Advantages of The New LoRaWAN® Physical Layer

This article will present some numerical data and also some real scenario measurements in order to compare the new LoRa Frequency Hopping Spread Spectrum modulation scheme used post LoRaWAN 1.0.2 spec.

1. Introduction to LoRa®

Over the past 5 years LoRaWAN® has quickly become one of the dominant players in the IoT networks space. It enables long range, energy efficient communication between sensors and actuators distributed both indoors and outdoors. It is a cost-efficient technology backed by an easy to deploy and maintain network architecture.

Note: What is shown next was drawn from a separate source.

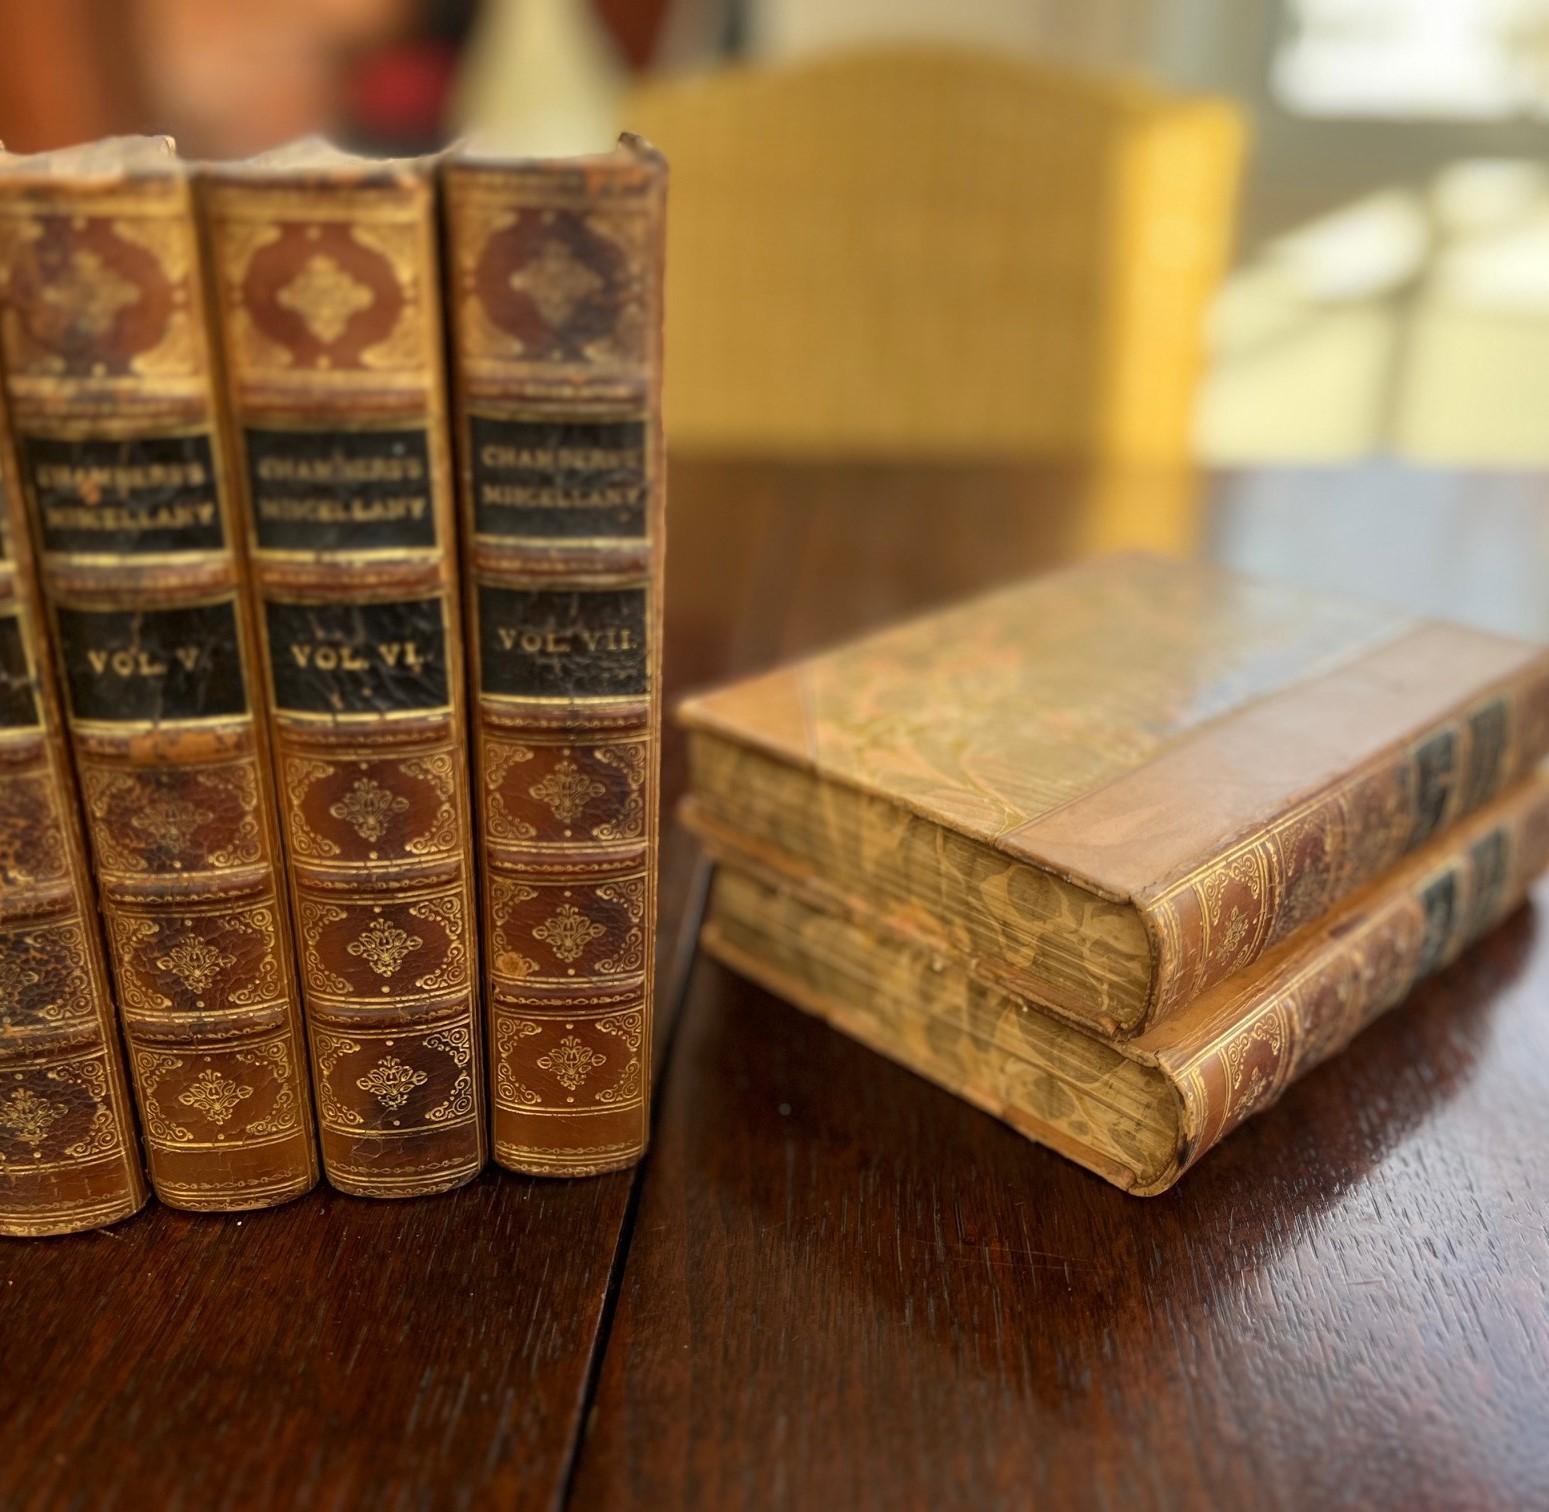 Late 19th Century 1872 Chambers's Miscellany of Instructive and Entertaining Tracts - 8 Volumes For Sale

At the physical layer core of the LoRaWAN stack sits LoRa®, which is a type of Chirps Spread Spectrum (CSS) modulation acquired and trademarked by Semtech.

LoRa has been designed for extremely long-range communication (10km+), thus it prioritizes stability over data rate. It allows one to find the right balance between bandwidth utilization and robustness via its many combinations of Spreading Factors (SF), frequency channels and channel bandwidths.

LoRaWAN using LoRa relies on the ALOHA -based communication technique that is limited by regional duty-cycle regulations (and/or Listen Before Talk (LBT) mechanics). This reduces complexity, however sacrifices scalability and maximum achievable throughput.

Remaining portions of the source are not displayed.